The saddest part of this story happened after they got home, after Caleb talked to my dad. Sophie went to Caleb’s room and tried to hug him and tell him everything was okay. He put one arm around her and then pushed her away, a completely typical reaction for someone with autism. Sophie started crying again, whimpering, “I just wanted to help you. I just wanted to protect you” while he shut the door.

If you are ever tempted to question the legality of a handicapped permit, please leave it to the police. Not all handicaps are visible.
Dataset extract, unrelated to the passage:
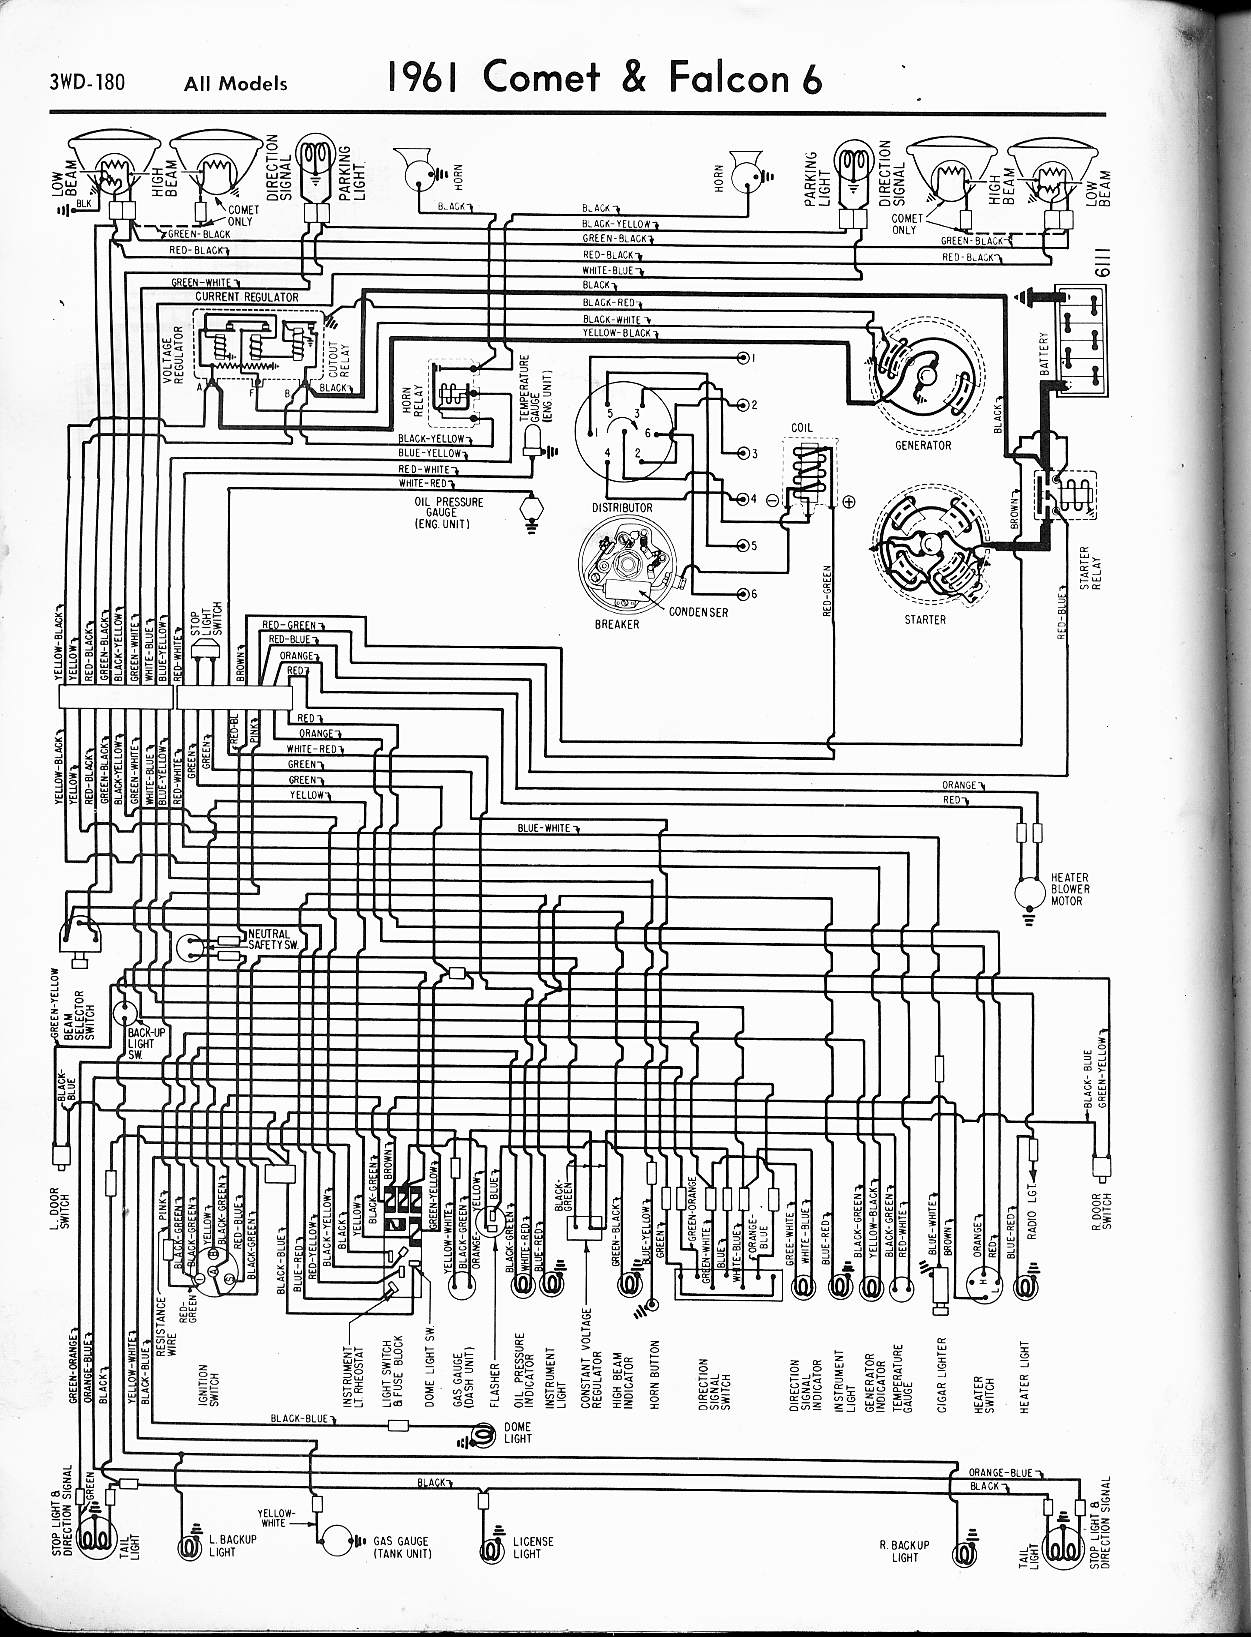 57 65 Ford Wiring Diagrams, El Falcon Stereo Wiring Diagram Pdf
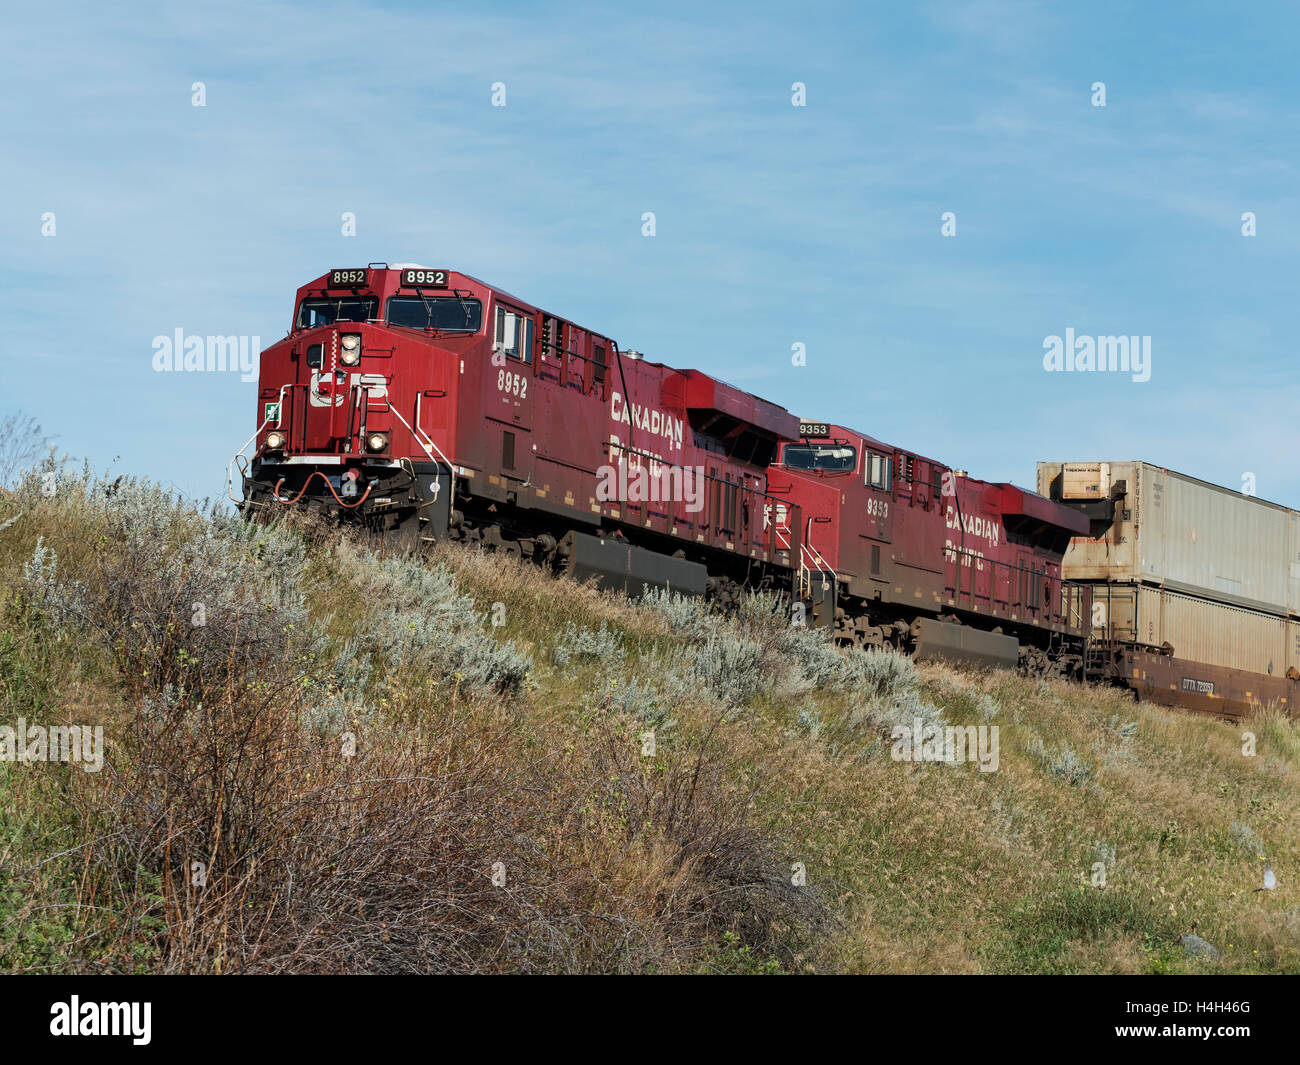 Canadian Pacific Railway locomotives pulling intermodal rail cars on a freight train, Alberta, Canada Stock Photo

No one deserves to be treated the way my kids were yesterday.

My Kid is Too Special for Special Olympics

Yes, you read that right.  Caleb is too special for Special Olympics.

In addition to the chromosome deletion syndrome, autism, immune issues, heart and mental defects, my sweet boy will die if he gets too hot or too cold.  He can’t regulate his body temperature at all.  When he was a baby (before we knew about this condition) his fevers would always shoot right to 105, and then he would have a febrile seizure, which was his body’s effort to return his temperature back to normal.

I had Caleb tested when he was four, when I realized that he never seemed to sweat.  The doctor put a combination of iodine and corn starch on all the places one would normally sweat, and then she set him under two heat lamps, with two wool blankets for 20 minutes.  The iodine mixture turns black when wet.  After all that time, there was not one drop of sweat.  Caleb’s case goes further than simple Anhydrosis (the inability to sweat) because he can sweat a little on his feet, and sometimes a little on his forehead, but it’s not enough to cool him, the way sweat usually works.  I was offered the option to have surgeons cut into his sweat glands and see why they don’t function properly, but since there is no cure, there is no reason to put Caleb through yet another surgery.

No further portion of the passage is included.